Resuming interrupted import starts all over

In beets 1.4.5 on Centos 7, after an interrupted import (abort or crash), the subsequent import always starts from the beginning, even though I have set the -p command line option and the message “Resuming interrupted import of …” shows up. Any idea how to fix this?

beets version 1.4.5
Python version 2.7.5
plugins: fetchart, fromfilename, lyrics

Strange! Is there a way we can reproduce the problem? (Aborting and import and starting it again works as expected here.)

Or, perhaps a verbose log would reveal something enlightening?

Has to be something strange, here are the first lines of the log:

[media@gurnemanz ~]$ beet -vv import -p /data/media/audio/flac/
user configuration: /home/media/.config/beets/config.yaml
data directory: /home/media/.config/beets
plugin paths:
Sending event: pluginload
lyrics: Disabling google source: no API key configured.
library database: /data/media/audio/library/beets.blb
library directory: /data/media/audio/library
Sending event: library_opened
Sending event: import_begin
Resuming interrupted import of /data/media/audio/flac
Sending event: import_task_created
Sending event: import_task_start
Looking up: /data/media/audio/flac/!!!- Strange Weather, Isn’t It (Japanese Edition) 2010
Tagging !!! - Strange Weather, Isn’t It? (Japanese Edition)
No album ID found.
Search terms: !!! - Strange Weather, Isn’t It? (Japanese Edition)
Album might be VA: False
Searching for MusicBrainz releases with: {‘release’: u"strange weather, isn’t it? (japanese edition)", ‘tracks’: u’10’, ‘artist’: u’!!!’}
Requesting MusicBrainz release 885c73f6-b7ea-49aa-92d8-4a5e5535b46f
Sending event: import_task_created
Sending event: import_task_created
primary MB release type: album
Sending event: albuminfo_received
Candidate: !!! - Strange Weather, Isn’t It? (885c73f6-b7ea-49aa-92d8-4a5e5535b46f)
Computing track assignment…
…done.
Success. Distance: 0.07
Requesting MusicBrainz release eb29cef7-cc52-4a49-ad75-10b9a61d45d6
Sending event: import_task_created
Sending event: import_task_created
primary MB release type: album
Sending event: albuminfo_received
Candidate: !!! - Strange Weather, Isn’t It? (eb29cef7-cc52-4a49-ad75-10b9a61d45d6)
Computing track assignment…
…done.
Success.
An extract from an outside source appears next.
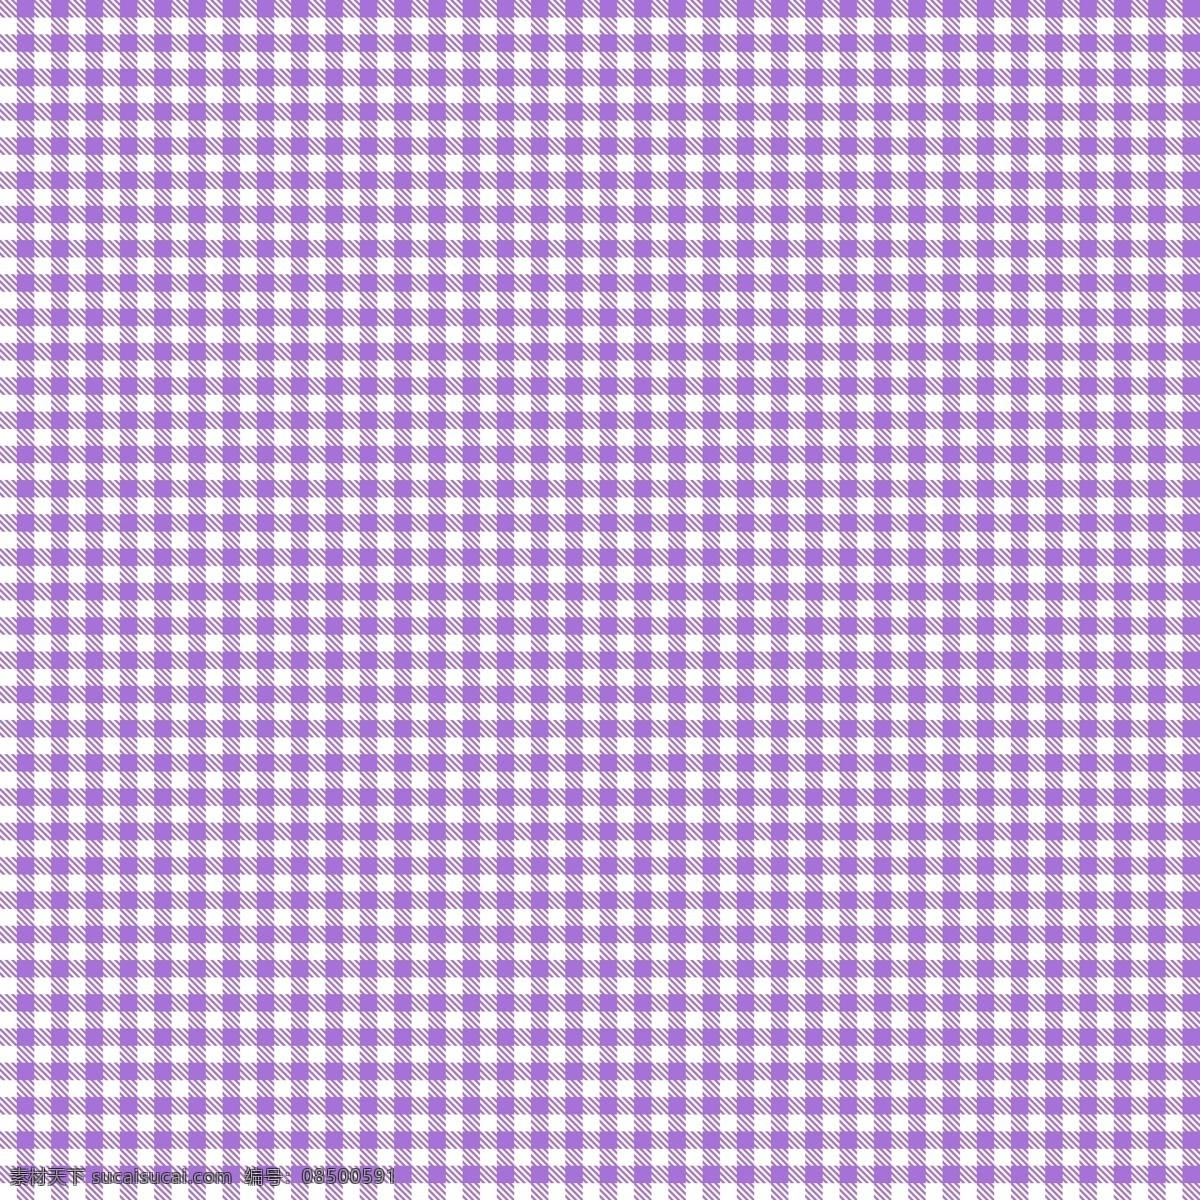 条子 紫色 紫色条子 快快 床单 生活百科 生活用品

Distance: 0.01
Requesting MusicBrainz release eb2e6f79-8b97-4565-8ea8-d8d0f2814cb2
Sending event: import_task_created
Sending event: import_task_created
Sending event: import_task_created
primary MB release type: album
Sending event: albuminfo_received
Candidate: !!! - Strange Weather, Isn’t It? (eb2e6f79-8b97-4565-8ea8-d8d0f2814cb2)
Computing track assignment…

Strange! I don’t see any obvious evidence there. I’m not sure what else to try, really—maybe there’s some sort of small test that we can run here to reproduce the problem “from scratch”?

Could be because I fiddled around with some of the files beet uses, how is
the starting point of an interrupted import determined? Maybe this gives me
a clue where to start looking.

The short answer is that the importer stores all the directories it imports in a file called state.pickle under ~/.config/beets. It also records an indication when an import finishes.

Then, when you start an import, it checks whether an import of that directory has previously started but not finished. If so, it skips over all the subdirectories recorded in the file for that directory.

If you’re interested in more mechanical details, I recommend reading importer.py in the source. The right place to start are the _open_state and _save_state functions for reading and writing this file.